We need only type of that value. What is more, you need only one member:
“value being aggregated” comes from argv[0].

> @@ -1588,16 +1604,57 @@ static void
> minmaxStep(sql_context *context, int not_used, sql_value **argv)
> {
> 	UNUSED_PARAMETER(not_used);
> -	sql_value *arg = argv[0];
> -	sql_value *best = sql_aggregate_context(context, sizeof(*best));
> +	struct aggregate_context *aggr_context =
> +		(struct aggregate_context *) sql_aggregate_context(context,
> +								   sizeof(*aggr_context));

This way looks better:

@@ -1604,9 +1604,8 @@ static void
 minmaxStep(sql_context *context, int not_used, sql_value **argv)
 {
        UNUSED_PARAMETER(not_used);
-       struct aggregate_context *aggr_context =
-               (struct aggregate_context *) sql_aggregate_context(context,
-                                                                  sizeof(*aggr_context));
+       struct aggregate_context *aggr_context = (struct aggregate_context *)
+               sql_aggregate_context(context, sizeof(*aggr_context));
        if (aggr_context == NULL)
                retur

> +	if (aggr_context == NULL)
> +		return;
> 
> +	sql_value *arg = argv[0];
> +	sql_value *best = &(aggr_context->value);
> 	if (best == NULL)
> 		return;
> 
> -	if (sql_value_type(argv[0]) == SQL_NULL) {
> +	enum sql_type sql_type = sql_value_type(arg);
> +
> +	if (sql_type == SQL_NULL) {
> 		if (best->flags != 0)
> 			sqlSkipAccumulatorLoad(context);
> 	} else if (best->flags != 0) {
> +		/*
> +		 * During proceeding of the function, arguments
> +		 * of different types may be encountered (if
> +		 * SCALAR type column is proceeded).

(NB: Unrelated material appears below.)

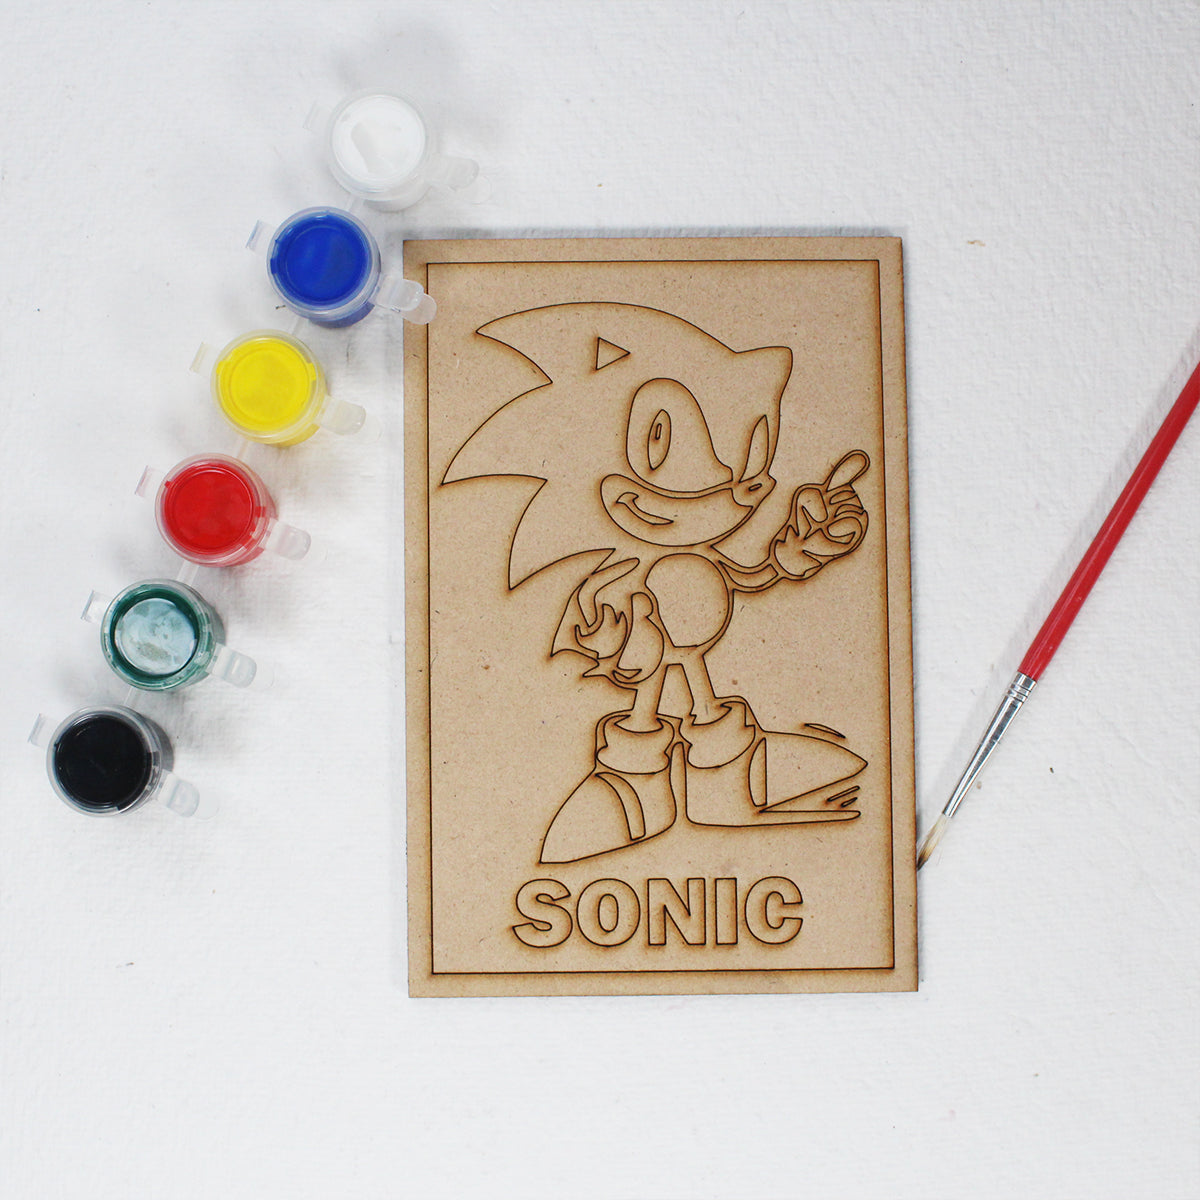 Sonic Canvas Painting Kit

Some types
> +		 * are compatible (INTEGER and FLOAT) and others
> +		 * are not (TEXT and BLOB are not compatible with
> +		 * any other type). In the later case an error
> +		 * is raised.
> +		 */
> +		sql_value *reference_value = &aggr_context->reference_value;
> +		if (reference_value->flags == 0)
> +			sqlVdbeMemCopy(reference_value, arg);

AFAIR flags == 0 is a situation when we are processing first
entry (i.e. aggregate_context is initialised right now).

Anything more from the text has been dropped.